The five-member National Transportation Safety Board plans to meet Tuesday to determine the probable cause of the March 12, 2011, accident and make safety recommendations. The bus was returning to New York’s Chinatown from an overnight trip to a casino in Connecticut when it clattered along a highway guard rail, toppled over and crashed into the support pole for a highway sign. The pole knifed through the bus front to back along the window line, peeling the roof off all the way to the back tires.
Investigators already have determined that the bus was speeding at the time of the crash, and that the driver — Ophadell Williams — had a checkered work and driving history, including 18 suspensions of his driving privileges.
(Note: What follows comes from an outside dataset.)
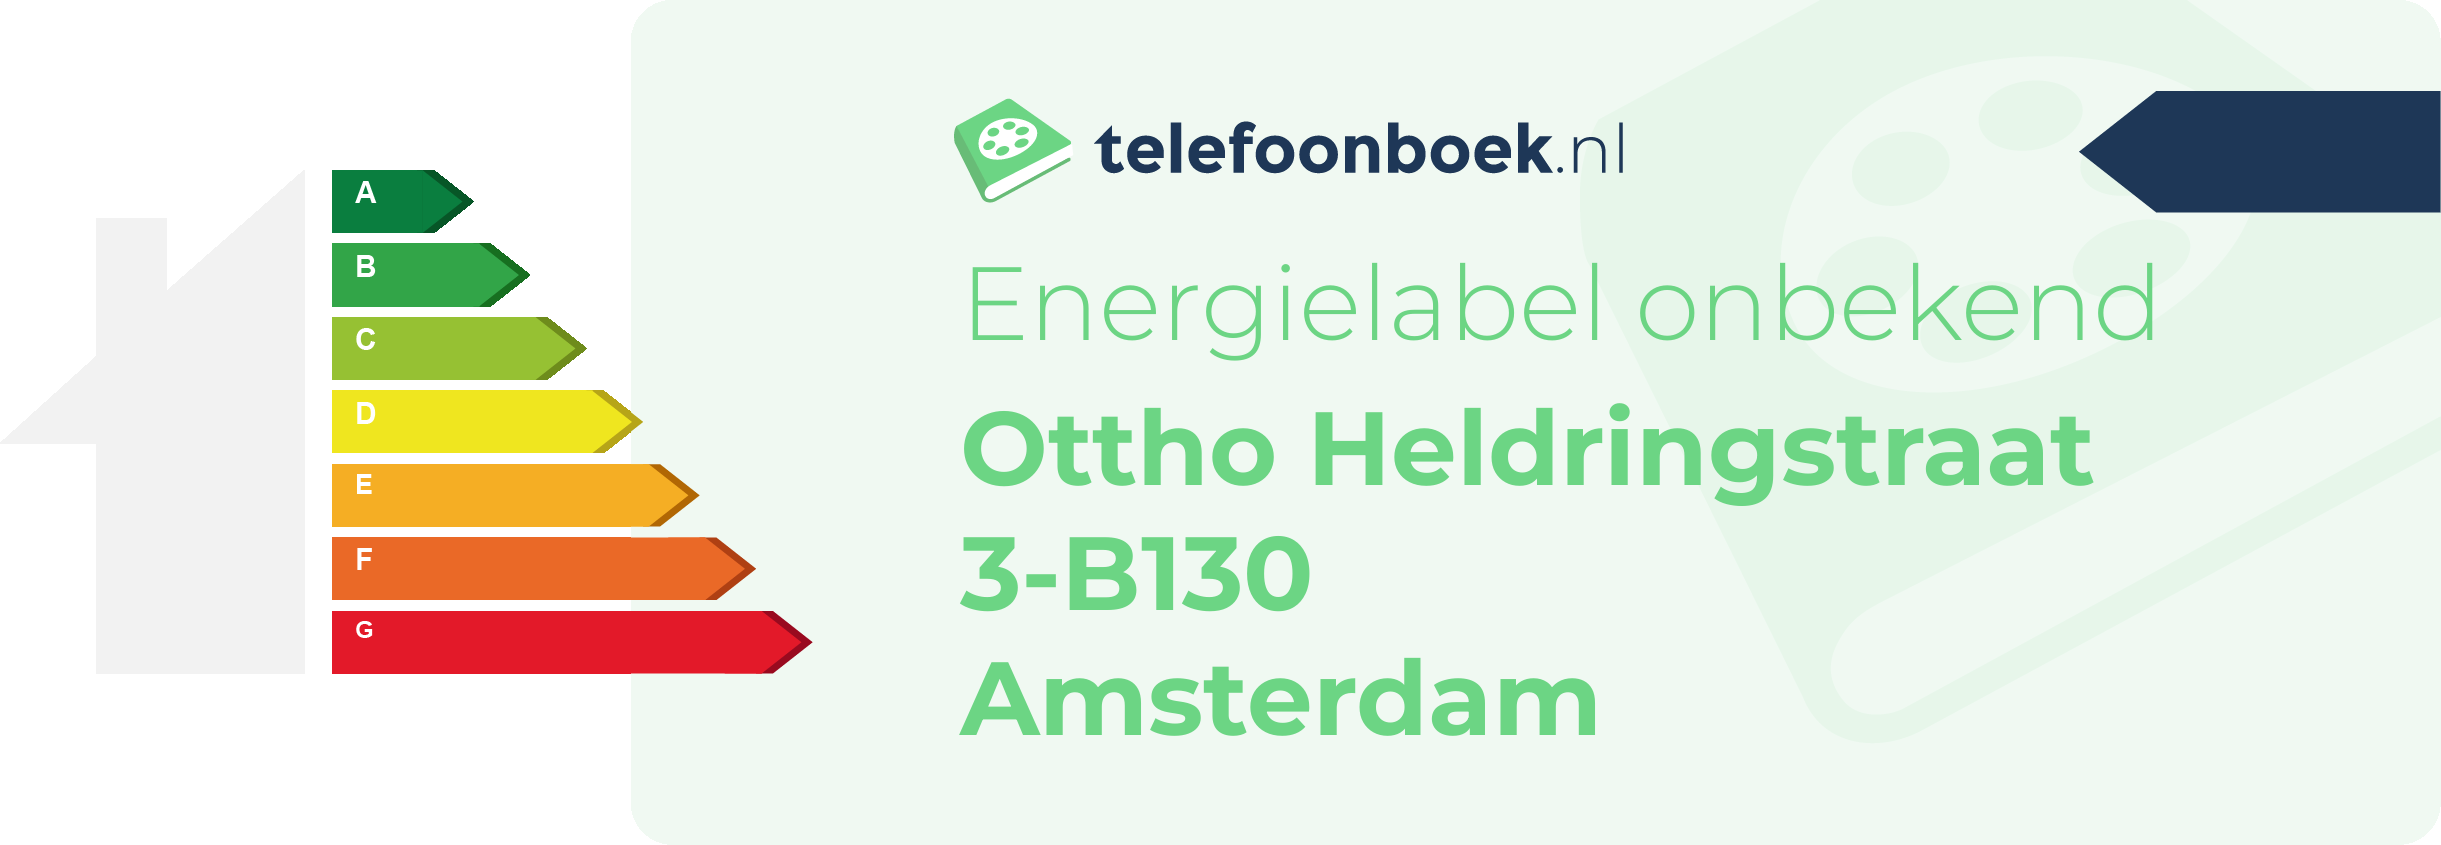 Energielabel Ottho Heldringstraat 3-B130 Amsterdam

Documents released by the board last month indicate that during the three days prior to the accident, Williams’ cellphone and rental car were in almost continuous use during the daytime hours when he had said he was sleeping,
Federal safety officials previously have expressed concern about the prevalence of operator fatigue in all modes of transportation, including the motor coach industry, which transports more than 700 million passengers a year in the U.S. — roughly the same as the domestic airlines.
The New York accident, and other fatal accidents in New Jersey and Virginia last spring, sparked an investigation by the Federal Motor Carrier Safety Administration into the safety of curbside bus operators. Last week, government safety officials swooped down on more than two dozen curbside bus operations that mostly ferry passengers in the busy East Coast transportation corridor between New York and Florida, closing them for safety violations in the largest single federal crackdown on the industry.